Commence alors un terrible chemin de croix. Transféré le 20 mars à Compiègne où il composera l’admirable poème Sol de Compiègne, comme un oratorio en amont des autres camps (« Craie et silex et herbe et craie et silex/Et silex et poussière et craie et silex »…), Desnos aurait pu être maintenu à Royallieu. Cette faveur arrachée par Youki auprès du responsable du camp est annulée par Laubreaux, qui a appris la nouvelle le 1er avril chez Maxim’s : « Pas déporté ! Vous devriez le fusiller. C’est un homme dangereux, un terroriste, un communiste. » L’assassin finira, lui, des jours tranquilles en 1968 dans l’Espagne de Franco…

Auschwitz et les marches de la mort

Arrivé le 30 avril à Auschwitz, réexpédié à Buchenwald le 12 mai, où l’on ajoute au tatouage d’identification le triangle rouge des politiques, transféré le 25 à Flossenbürg, Desnos trouve enfin le 2 juin sa destination dans la bureaucratie nazie tournant à plein régime : Flöha, où les détenus valides sont employés dans une usine d’armement.
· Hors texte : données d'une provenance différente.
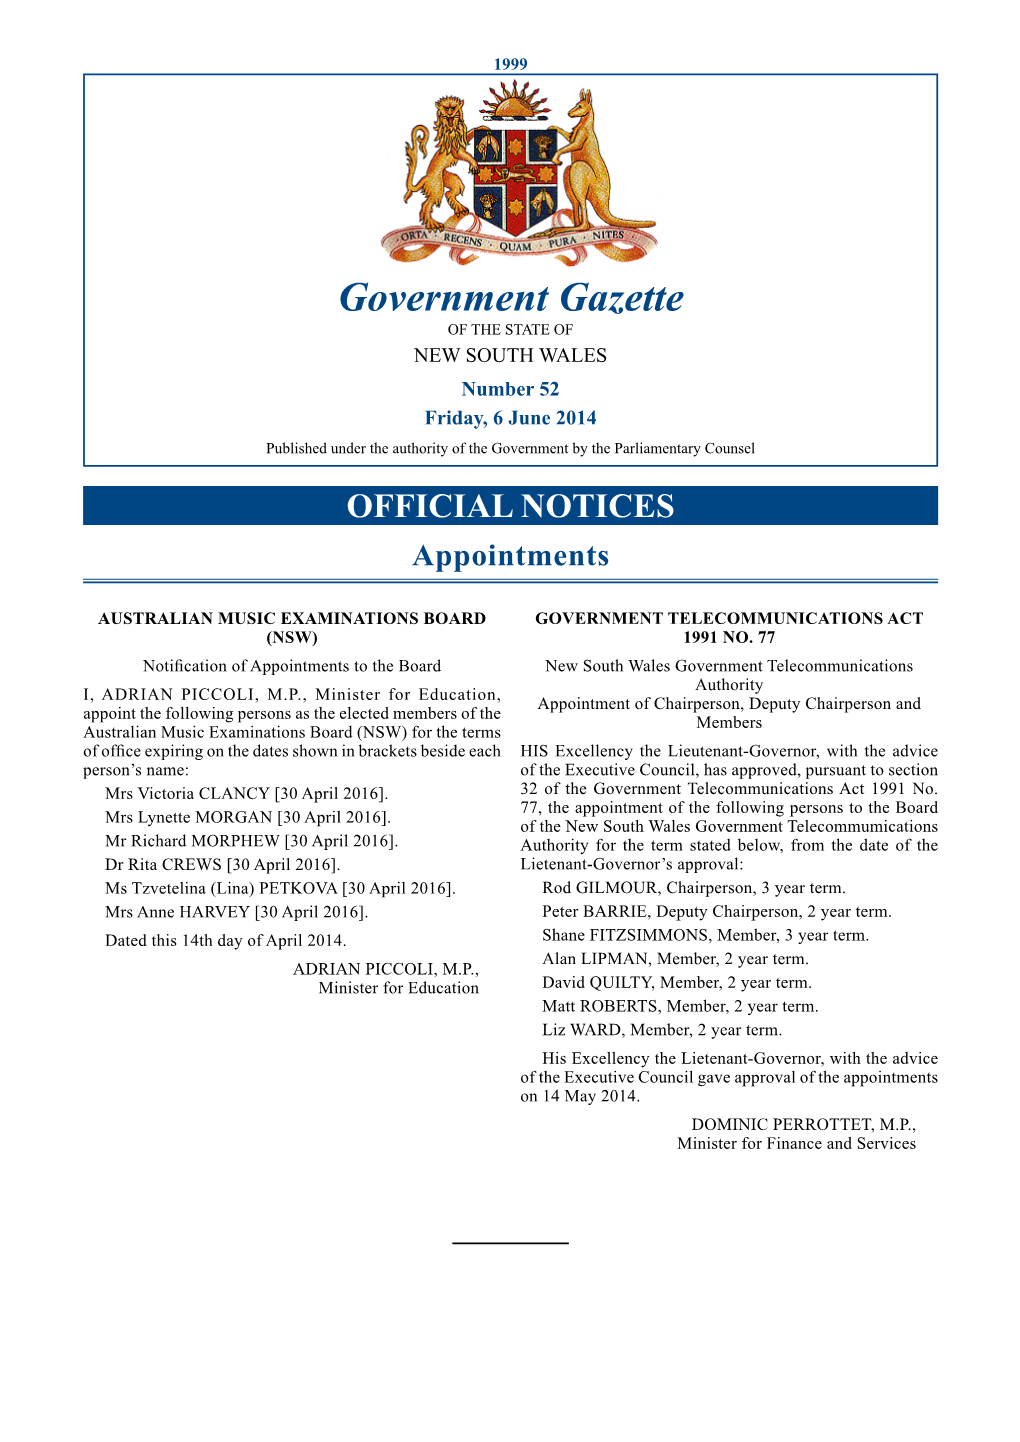 Government Gazette No 52 of 6 June 2014

Par maladresse d’intellectuel ou sabotage (ils sont nombreux), Desnos est éloigné des machines et cantonné au balayage.

Tous les survivants racontent comment le poète, à chacune de ces destinations, est pour ses compagnons de malheur un soleil. Chansons, improvisations poétiques, organisation des séances d’épouillage sont opposées à l’enfer, tant qu’il en eut la force, la voix « chaude et joyeuse et résolue » du Veilleur du Pont-au-Change. Mais c’est roué de coups, les lunettes brisées après un conflit avec le kapo cuisinier que Desnos, épuisé, sera jeté sur les routes de l’évacuation des camps devant l’avancée des troupes alliées, du 14 avril au 7 mai 1945.

À Terezín enfin rejoint, où il est identifié par deux étudiants en médecine tchèques qui l’accompagneront jusqu’à sa fin, Desnos figure sur une photographie datée du 8 mai 1945. Celui qui peut donc apprendre la victoire, crâne rasé, maigre à faire peur, offre pout tout sourire à l’objectif qu’il peine à discerner une douloureuse grimace. Le typhus aura raison de ce qui lui reste de forces le 8 juin, à 5 h 30 du matin. Le Bain avec Andromède, publié clandestinement en 1944, avait su prédire le dernier mot : « Plus loin le monstre fuit./ Le ciel est dépassé ».